A review of its physician contracts is on the agenda for United HealthCare Corp., after financial difficulties torpedoed its planned merger with Humana.
Minneapolis-based United says it plans to review its provider contracts as a way to reduce costs and likely will abandon certain Medicare markets.
Physicians in both Florida and Illinois opposed the deal and asked Justice Department officials to investigate the anti-competitive effects of the planned $5.5 billion merger (see August, page 4). The deal would have created a super managed-care company with more than 10.4 million enrollees, $27 billion in annual revenues and a stranglehold on certain Medicare HMO markets.
The two companies agreed to call off the union last month after United reported a second-quarter loss of $565 million. The decision eased provider concerns about the creation of a managed-care monopoly.
United's second-quarter results surprised many -- including Humana -- and its stock plummeted 28% the day it announced the loss.
"I can assure you that the extent of United's problems came as a surprise to us," says Humana spokesman Greg Donaldson. "Dissolving the merger agreement is clearly in our best interest."

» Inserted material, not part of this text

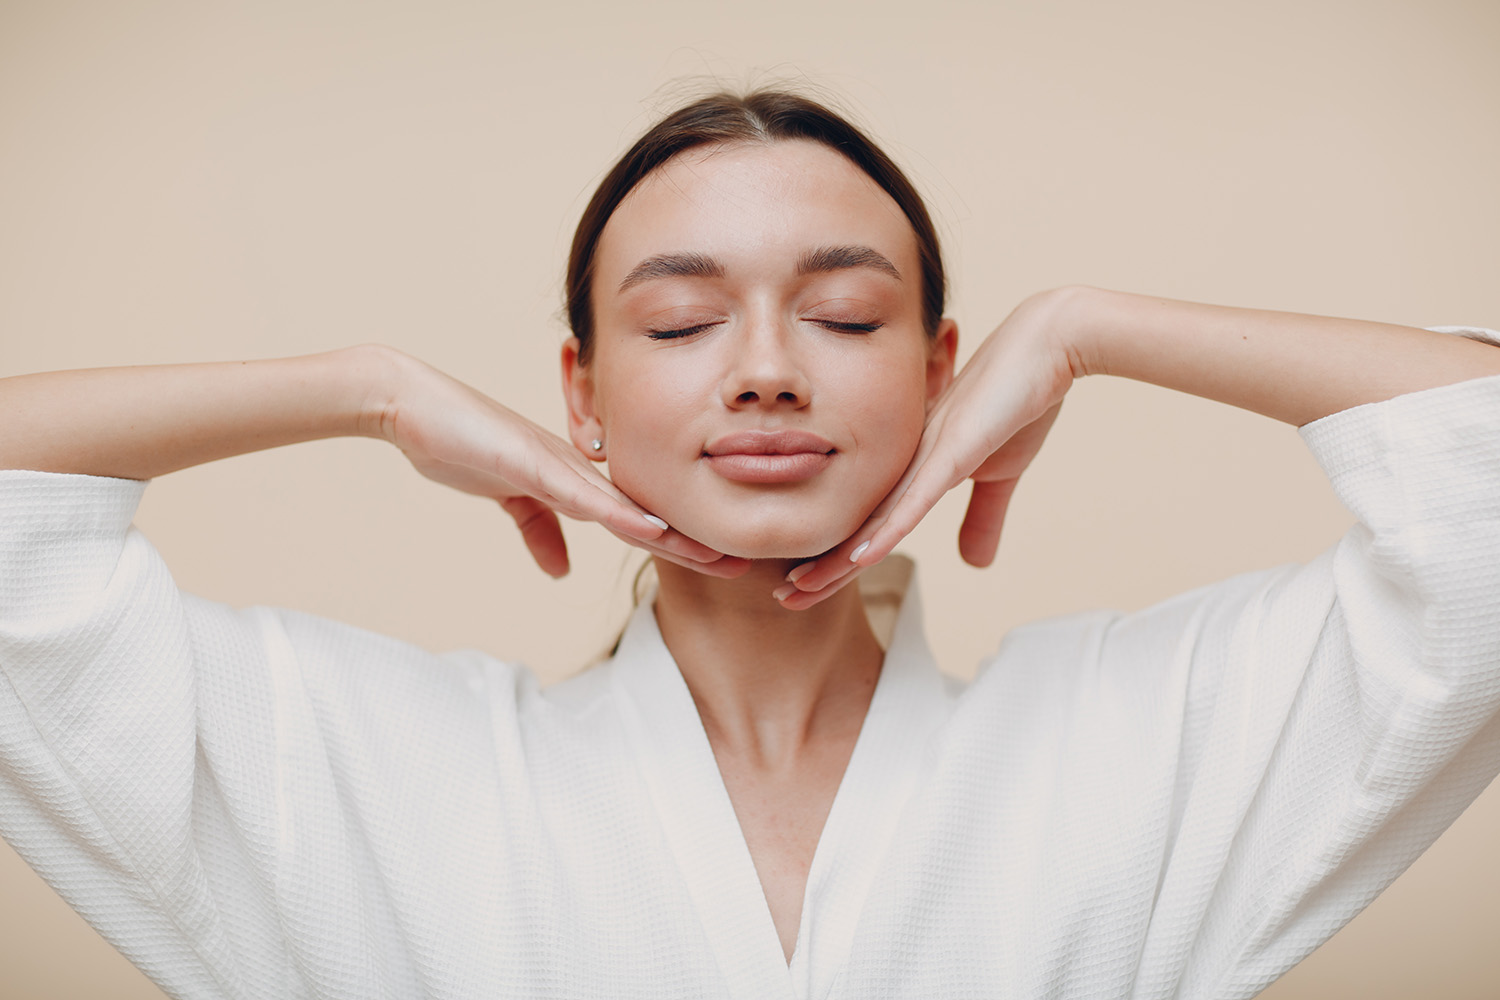 Young woman doing face building yoga facial gymnastics self massage

Much of United's second-quarter loss was attributed to an anticipated $900 million in realignment charges. Those charges include severance pay for planned layoffs and the consolidation of information systems. United plans to consolidate operational activities to reduce related costs, says spokeswoman Susan Busch.
"We may withdraw from some markets, reduce our Medicare HMOs, and we may re-evaluate provider contracts as a way to reduce expenses," Busch says.